A second and more pervasive data quality issue exists that likely affects much of the reliability data reported by the EDCs since 1994. EDCs continue to implement automated reliability management systems that improve the accuracy of reliability monitoring information. Specifically, these systems provide better information about when an outage begins, ends and how many customers the outage has affected. Connectivity, the degree to which each customer is documented on the distribution system, has improved greatly over the last 10 years. This has profound implications for comparing historical reliability performance to current performance. If today's EDC reliability monitoring systems were in place several years ago (including the benchmark period of 1994-1998), we would find that reliability performance was not at the level as reported in the past. Earlier monitoring processes were often manual in nature and did not accurately capture each customer that had lost power, and therefore inaccurately concluded the actual number of customers affected by an interruption. Today, reliability monitoring systems have 96% or better connectivity and are less likely to inaccurately record how customers are affected by outages. This differential ability of the monitoring systems to capture accurate information introduces a degree of uncertainty into our ability to interpret reliability trend data. Trends in reliability metrics can change over time because of true differences in reliability performance as well as because of differential measurement capability. The differential measurement capability can introduce method variance into our trend data. For accurate trend analysis, it is important to separate out the method variance from the variance in scores that is attributable to true reliability performance. While we conclude that method variance has introduced a degree of change in reliability metrics separate from true changes in reliability performance, we cannot quantify the exact degree of method variance. Therefore, we cannot definitely conclude in every case that the entire differences that we observe in reliability metric trends are due to true changes in reliability performance.

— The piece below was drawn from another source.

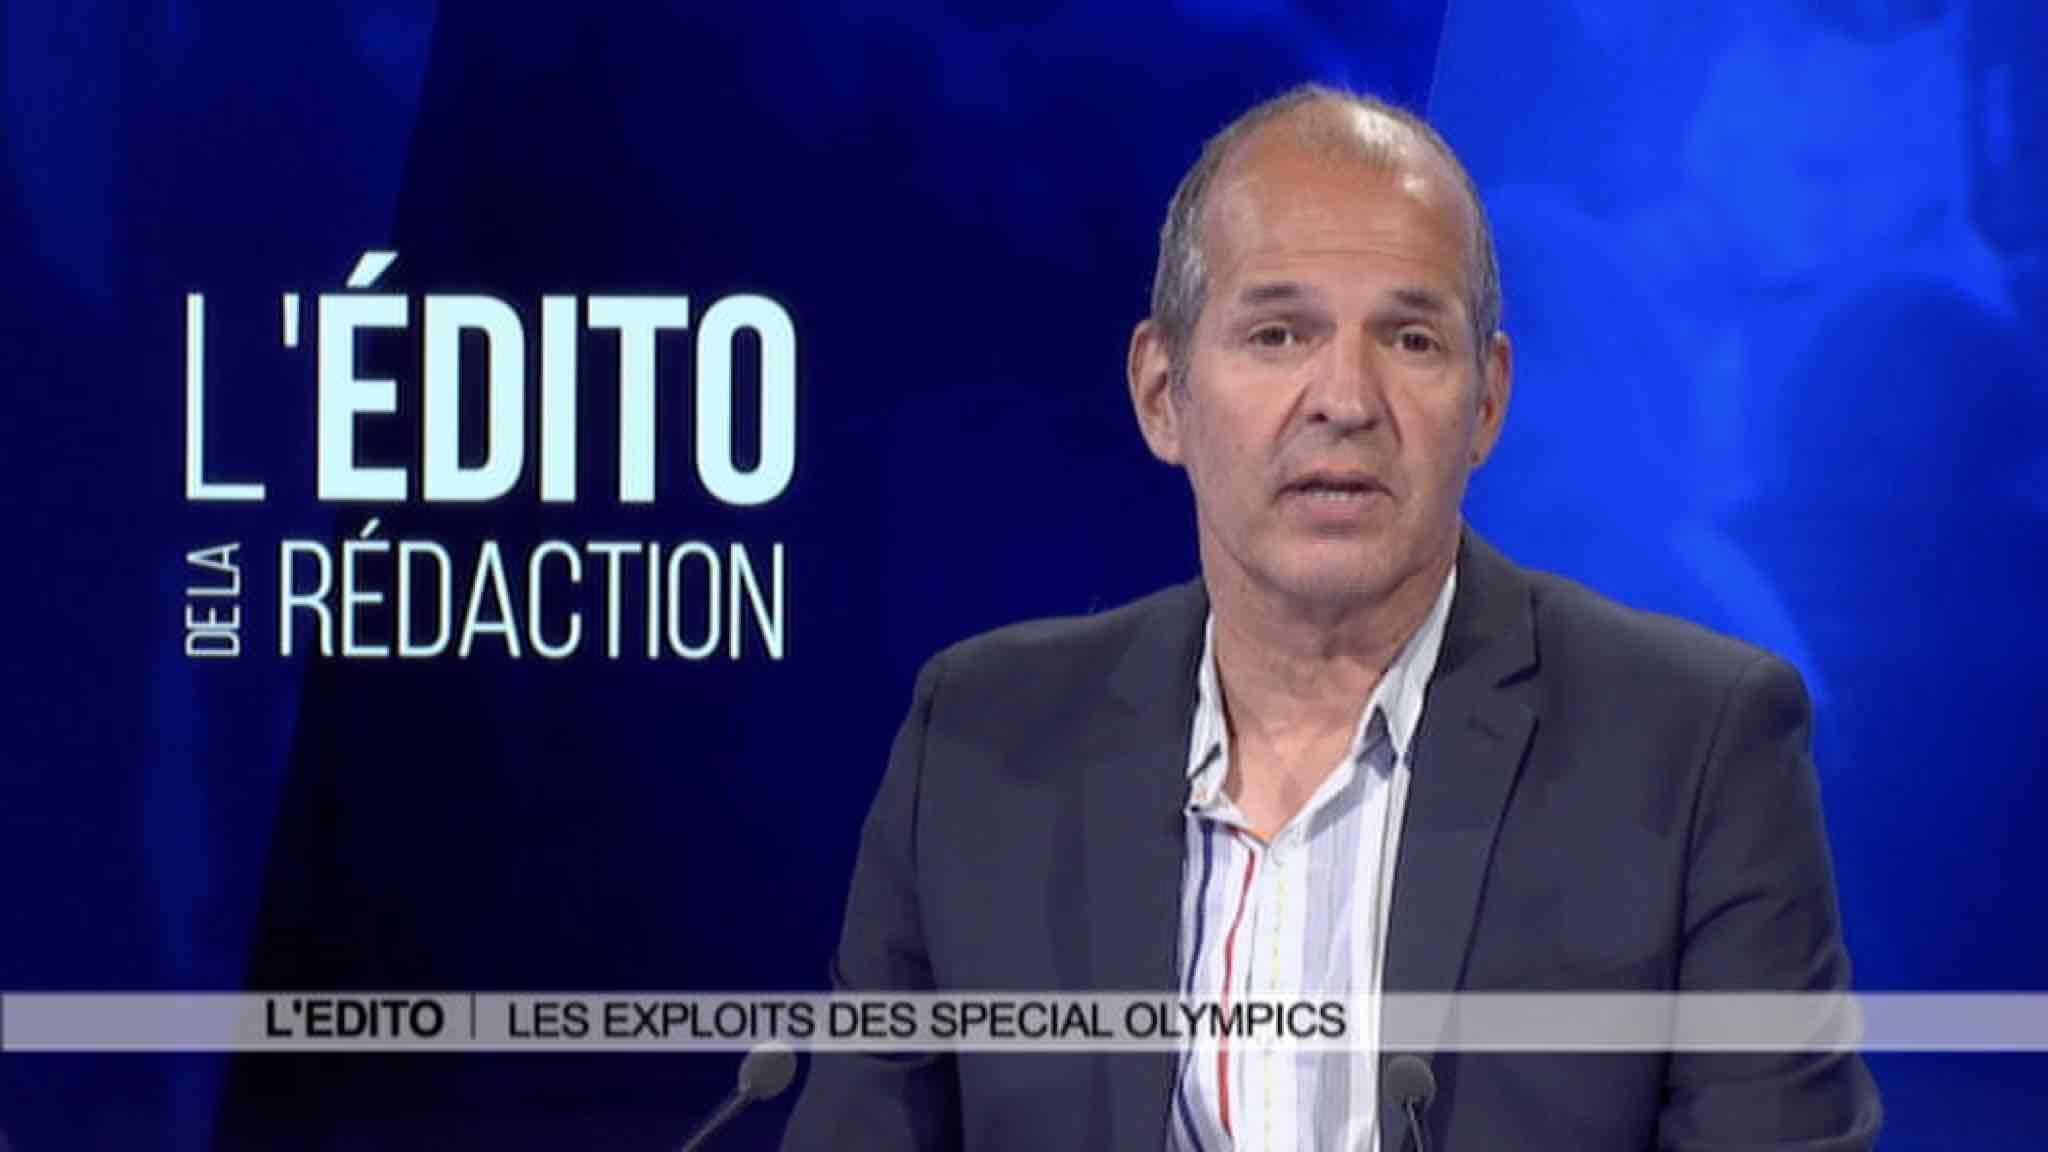 Edito: les exploits des Special Olympics

While the data quality issue pertaining to method variance is problematic in the interim, fortunately it is a problem that will resolve itself in the near future. The Commission proposes to move forward with setting new standards at this time and to revisit the potential for setting new benchmarks and standards a few years in the future when we have several years of consistent data collection under the improved reliability monitoring systems being implemented and refined today. Once we reach that point in time the method variance issue will become moot and new benchmarks and standards can be set and used for accurate comparisons of future data.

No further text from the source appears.